The Wolves of Zammarqand

Gratitude List:
1. Rays of crows flying out from the trees in front of a magenta sunset cloud
2. The way stories come when you call them
3. Finding center, finding balance
4. Light. There’s always light somewhere.
5. The dark. There’s comfort in the dark when I move past the panic of losing light.

May we walk in Beauty!


I woke in the wee hours this morning with this phrase in my head:
The wolves of Samarkand have greenish eyes.

I looked up Samarkand, thinking I was going to be telling a story of the far north, where snow blows around the city walls, only to discover that Samarkand is a city in Uzbekistan, a much warmer place than my mind had conjured. But there are wolves. In fact, Genghis Khan, who conquered Samarkand in 1220, was known as the Blue Wolf. I don’t think I have it in me to write anything so epic as a Genghis Khan story at this point in time.

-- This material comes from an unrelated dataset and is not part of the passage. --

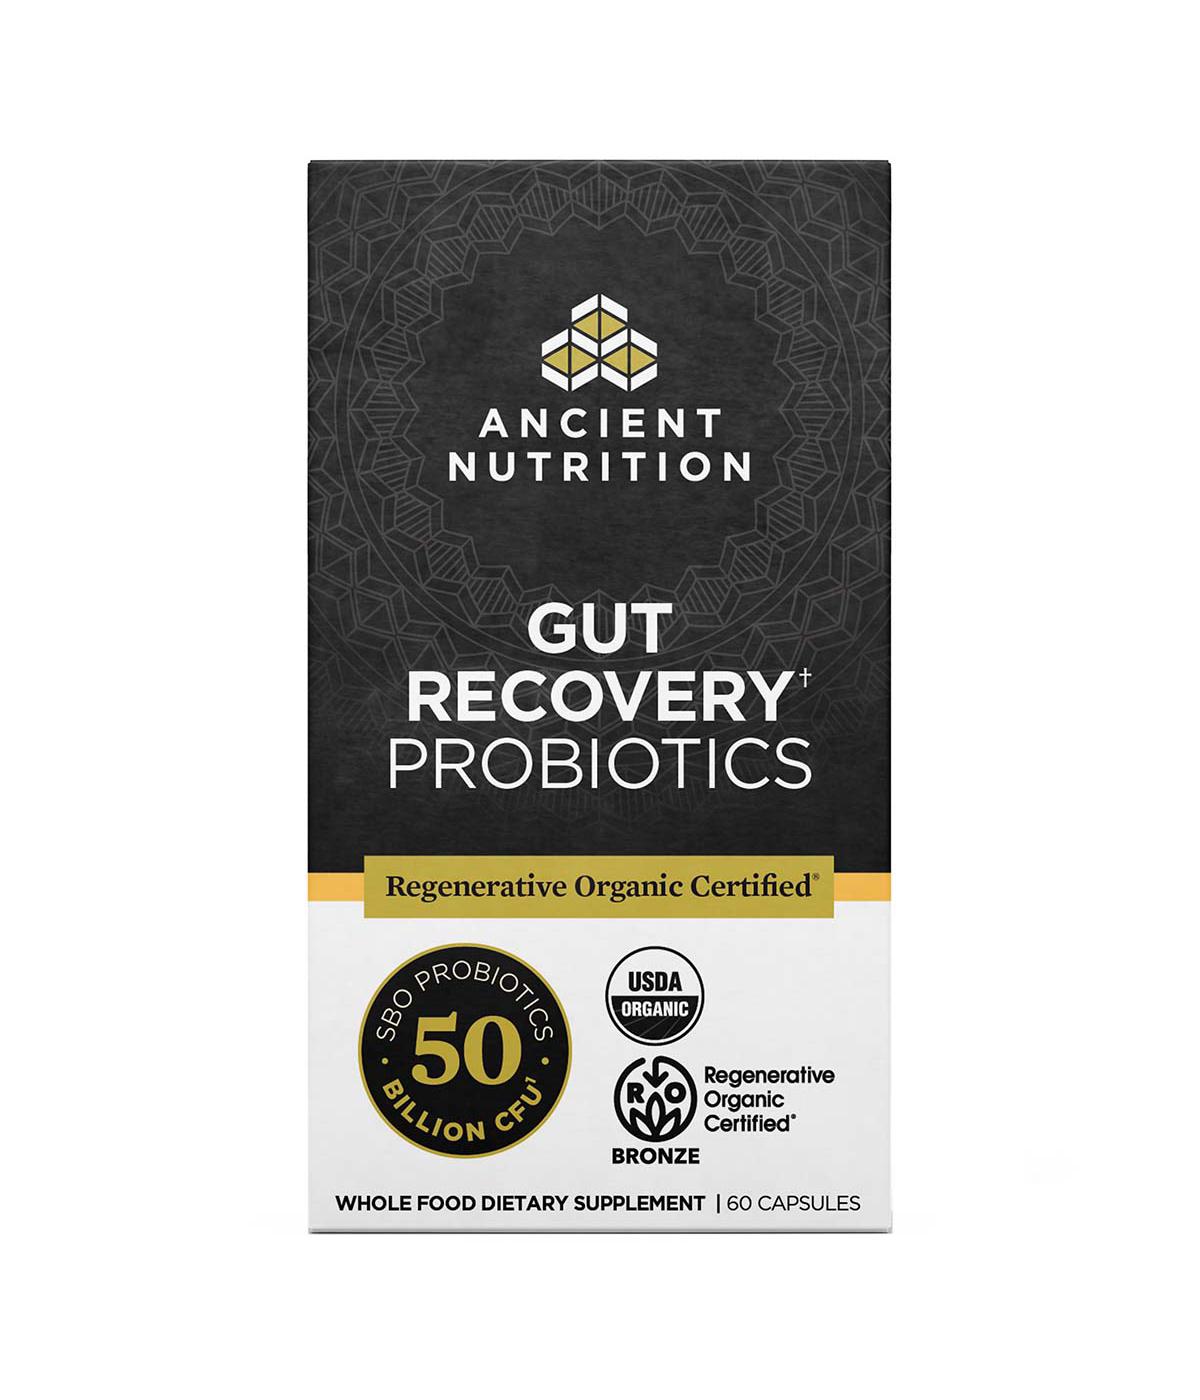 Ancient Nutrition Gut Recovery Probiotics Capsules; image 1 of 5
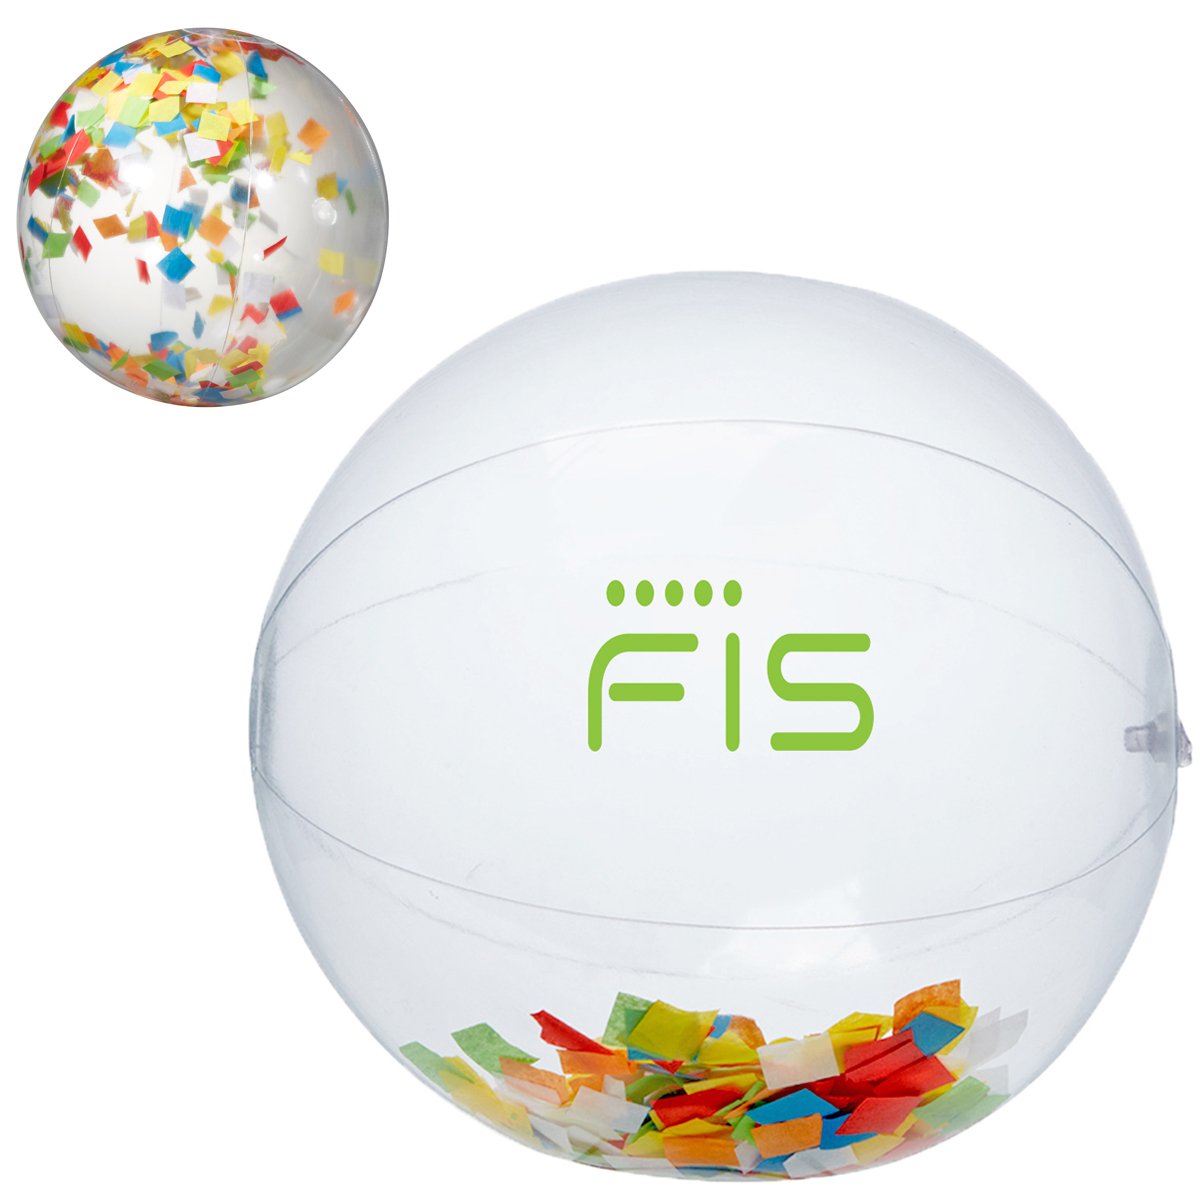 Promotional Confetti Filled Beach Ball-16

In fact, not being familiar with the words and ways of Uzbekistan, I will change the spelling of my city to make it more mine, though I think I will keep it in the steppes of a place similar to central Asia.

The Wolves of Zammarqand

The wolves of Zammarqand have greenish eyes. At night, when the sheep and the children of the city have been safely enclosed within the walls, Leeta the Storymaker stands on the high wall overlooking the valley and watches for the green glow of their eyes in the starlight, the shadowy forms moving restlessly in moonlight. She hears their singing from the high ridge across the river.

Legends live long in these hills. Leeta is the Storymaker charged with remembering, with telling the ancient tales. Leeta remembers the hi’Story of the ancient Wolf-Queens, when the strong looked after the weak, the powerful encircled the vulnerable, when the city’s power was determined by the strength of its ability to care for all of its members.

Centuries have passed since the times of the Wolf-Queens, since the good of the pack gave way to might and ferocity, since power over others became the rule. The Wolf is still the city’s symbol, a snarling face with bared teeth and angry eyes. But when Leeta wanders the streets, she can find the ancient face of the mother wolf–eyes watchful, patient–carved into the stones of pillars and temples, painted above doorways. As the city was repeatedly re-built upon itself over centuries, it covertly remembered its mothers in quietly lupine statuary and artwork. Anyone with eyes to see–and half a desire to do so–could find them.

On moonlit nights, Leeta goes by secret ways, out of the city, returning in the hushed moments before dawn, leaving a trail of footprints in the dew.

The daughters of Leeta the hi’Storian all have green eyes.